Chambers County extension coordinator highlights 4-H program
Published 7:00 am Friday, December 6, 2019
VALLEY — Chambers County 4-H is more than cooking, sewing and agriculture in the classroom.
“We believe in empowering our young people,” said Rachel Snoddy at Wednesday’s Valley Kiwanis Club meeting. “They are our future. 4-H is in every state and in other countries. It’s in every county in Alabama. 4-H is the largest youth organization in the world.”

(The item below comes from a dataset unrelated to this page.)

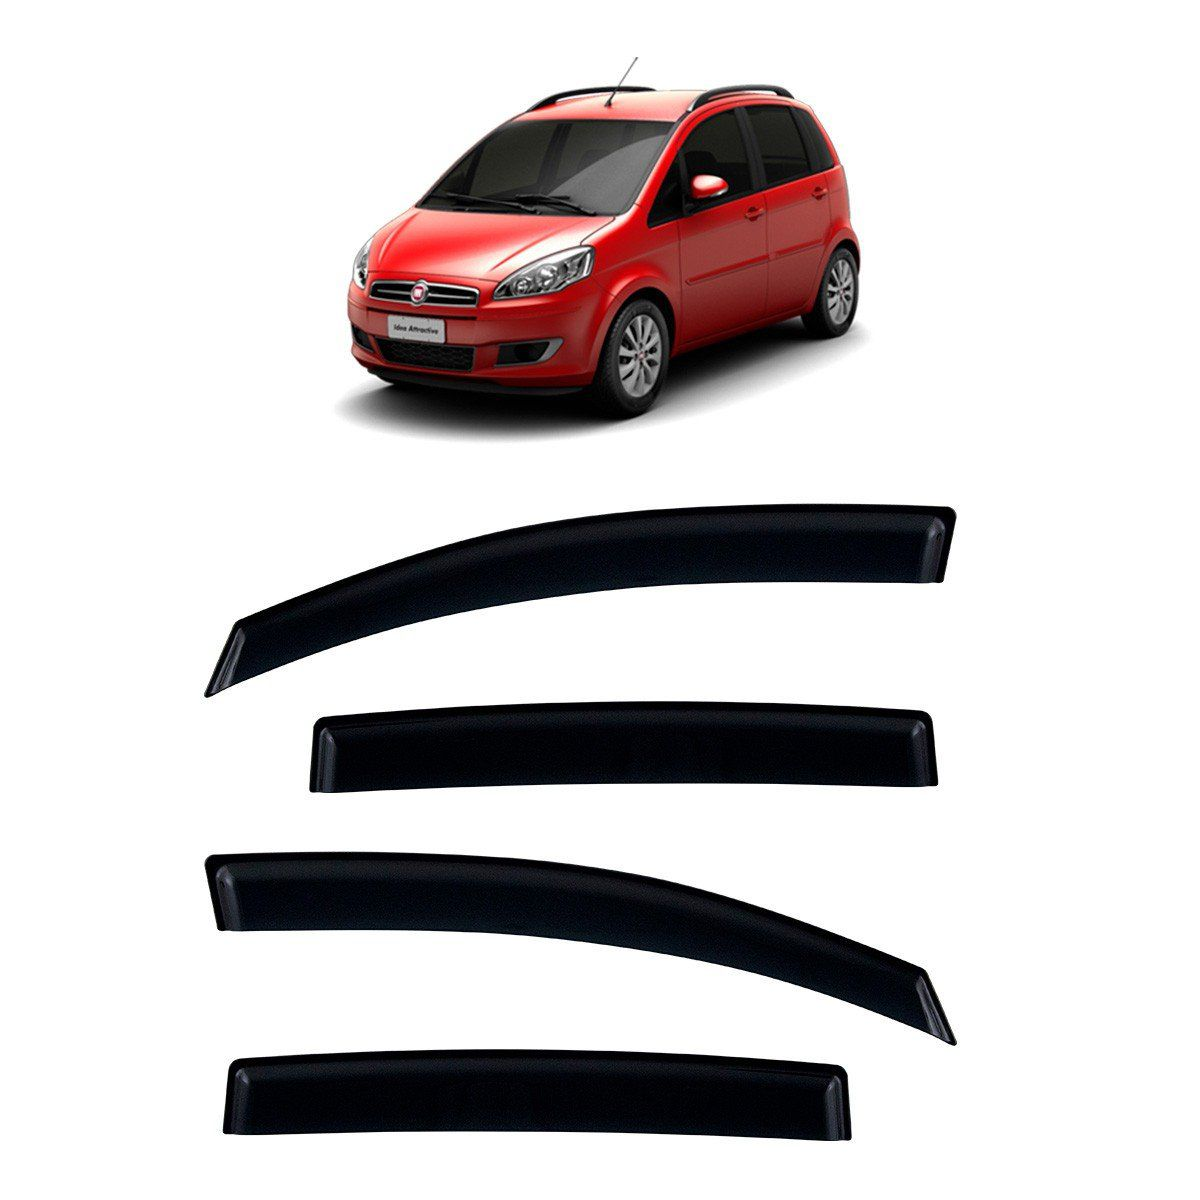 Calha De Chuva Para Fiat Idea 2005 A 2015 TG Poli

A native of Blount County and an Auburn graduate, Snoddy was a 4-H agent in Chambers County for four years before moving up to the county’s extension coordinator, succeeding the retiring Ken McMillan.
Email newsletter signup
“We are in both public and private schools in the county,” she said. “We have after-school clubs, and we do service projects throughout the year. Our goal is to help make our youth college and career ready. We have really expanded with STEM (Science, Technology, Engineering and Math) the last few years, and we are into shooting sports. George Chambley is helping us with our archery program. In our STEM programs, they learn about drones, rockets and robotics. They also build a hot air balloon.”
Chambers County 4-H is into traditional programs such as public speaking and building birdhouses along with a wide array of other activities.
“We cover just about anything you can think of,” she said. “Katie Hill is our regional agent, and we can always use volunteers who want to help us. “
One of the more popular programs is called river kids.
“We take them out on the water for kayaking,” Snoddy says. “Our favorite place is the river from West Point Dam to downtown West Point and Shawmut airport. The kids love doing this. We have 13 kayaks. We are always teaching water safety, and we don’t take them to dangerous spots. It’s a fun thing for them to do, especially in the summer months when they might otherwise be at home.”
Shoddy said that group outings are important.
“We want our kids to be healthy and to care about others,” Snoddy said. “We are happy to have whoever comes to join us. We have had kids participate with us who are from out of county and out of state. We go from fourth graders to seniors in high school. We have articles in local newspapers and post activities we plan to do on our Facebook page and Instagram. We are all about getting the word out about what we are doing,”
Chambers County is very active in sending youth to the 4-H state camp at Columbiana.
“It’s a lot of fun,” Snoddy said. “It takes place on three days and two nights throughout June and the first week in July. We are usually there with youth from four or five different counties. We had 13 kids to go this year, and we’d like to have 15 next year.”
The camp is for children ages 9 to 13.
“You can go for several years in a row,” Snoddy said. “There’s canoeing, a rock wall climb and a big swing everyone loves. There’s a wildlife hike. They have animals such as owls, snakes and turtles that kids can learn about.”
4-H is a U.S.-based network of youth organizations whose mission is to “engage youth to reach their full potential while advancing the field of youth development.”
Its name is a reference to “head, heart, hands and health.” In the U.S., the organization is administered by the National Institute of Food and Agriculture of the U.S. Department of Agriculture.